1 Lora March 30, 2009 at 3:47 pm

Lately, I’ve found myself worshiping, or being shaped by other people’s perceptions of me – if I could just have this person like me, then clearly that would show me how valuable I am.

Inherently, it’s a lack of trust that the Lord has created me and that him creating me is what gives me value, and finally, that that value cannot be reassessed or fluctuate based on another creature’s opinion of me.

I don’t trust that the Lord plans good for my life, and that he has, “assigned me my portion and my cup; that he has made my lot secure.” Psalm 16.

Thanks for encouraging trust. Found this post especially encouraging.

xo,
Lora

Lora’s last blog post..The Blindness of Sin.

2 CL March 30, 2009 at 11:13 pm

This was delightfully funny & potent at the same time. May I learn to trust God with faith, even as my eyes, senses, emotions are telling me a different story. What a great post!

3 V. Higgins March 31, 2009 at 4:16 pm

What a great post!
I’ve been struggling with this myself lately (heck, all of the time, but esp. lately :-P ). Last night I was ‘venting’ to a friend about my job and how it drains me so I don’t want to spend time with people because I want to rest and he said “and I bet that’s exactly when God can use you the best”

<__>
That one kind of stopped me dead in my tracks. Wait… oh yeah… God doesn’t need me at my best, he just wants me to be available, period. How many years was David a lowly shepherd? How many years was he running from death before he became king? How long did he have to wait for the culmination of that promise? Maybe I don’t see a point in my 8-to-5, sit-behind-a-desk-all-day job. But it *is* where God has me right now. David’s prayers are a real encouragement to me right now, because ultimately, it’s not about what I want in my puny, all I can see is a very tiny piece view; it’s about what God is doing, whether or not I see it/understand it.
Thank you so much for the reminder!!

4 Amy March 31, 2009 at 5:24 pm

How is God currently teaching you that He is trustworthy?
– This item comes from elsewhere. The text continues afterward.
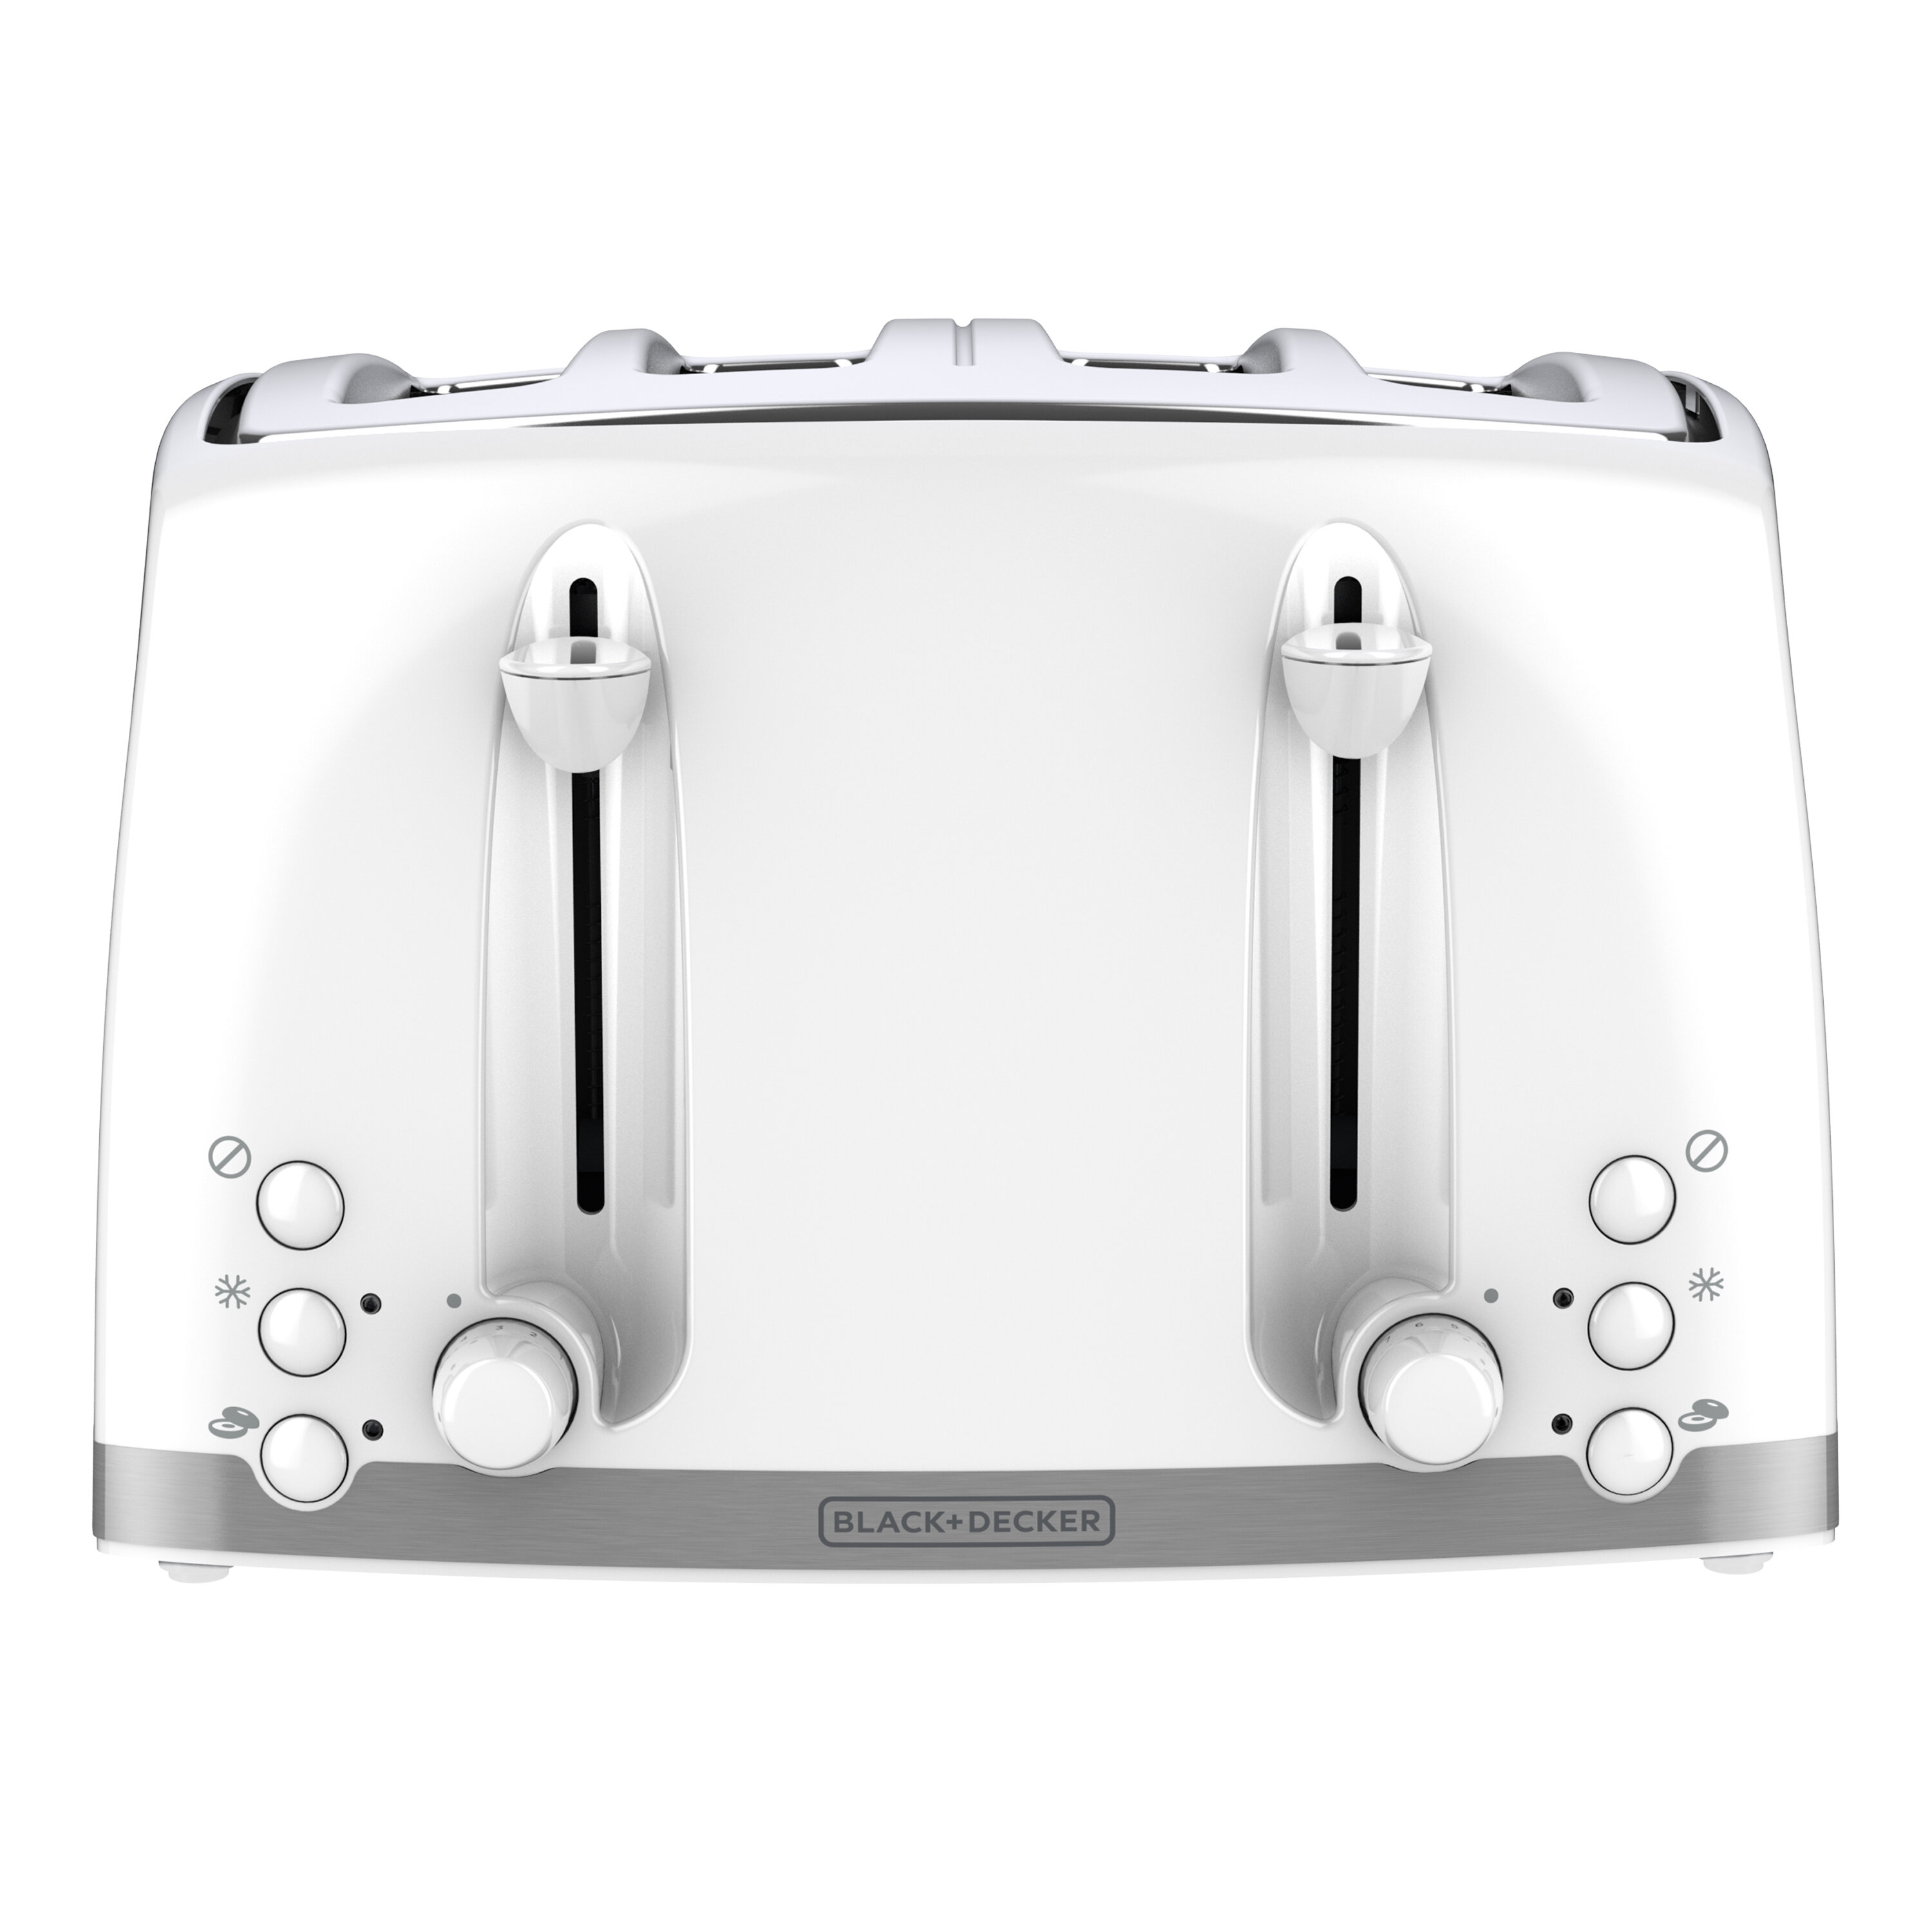 https://assets.wfcdn.com/im/17112138/compr-r85/1609/160922514/bd-honeycomb-toaster-4-slice-white.jpg

When I am in despair about something, I have been turning to God’s Word for help and guidance instead of calling up a friend for a shoulder and their advice.
God has proven Himself trustworthy to me by keeping His Word. He has shown me over and over that I can count on His promises. They never fail.
For example, one of my biggest fears has always been confrontation. But ever since I found Proverbs 29:25 “Fear of man will prove to be a snare, but whoever trusts in the Lord is kept safe”, I cling to that. I trust it. And experience has shown me it is true. :)

5 burningbushes April 1, 2009 at 6:06 am

What a great assessment of where you are in life. Thanks so much for your comment and honesty. And what a great friend-to comfort you with the reminder that God’s in charge of this whole thing and his strength is perfected in your weakness.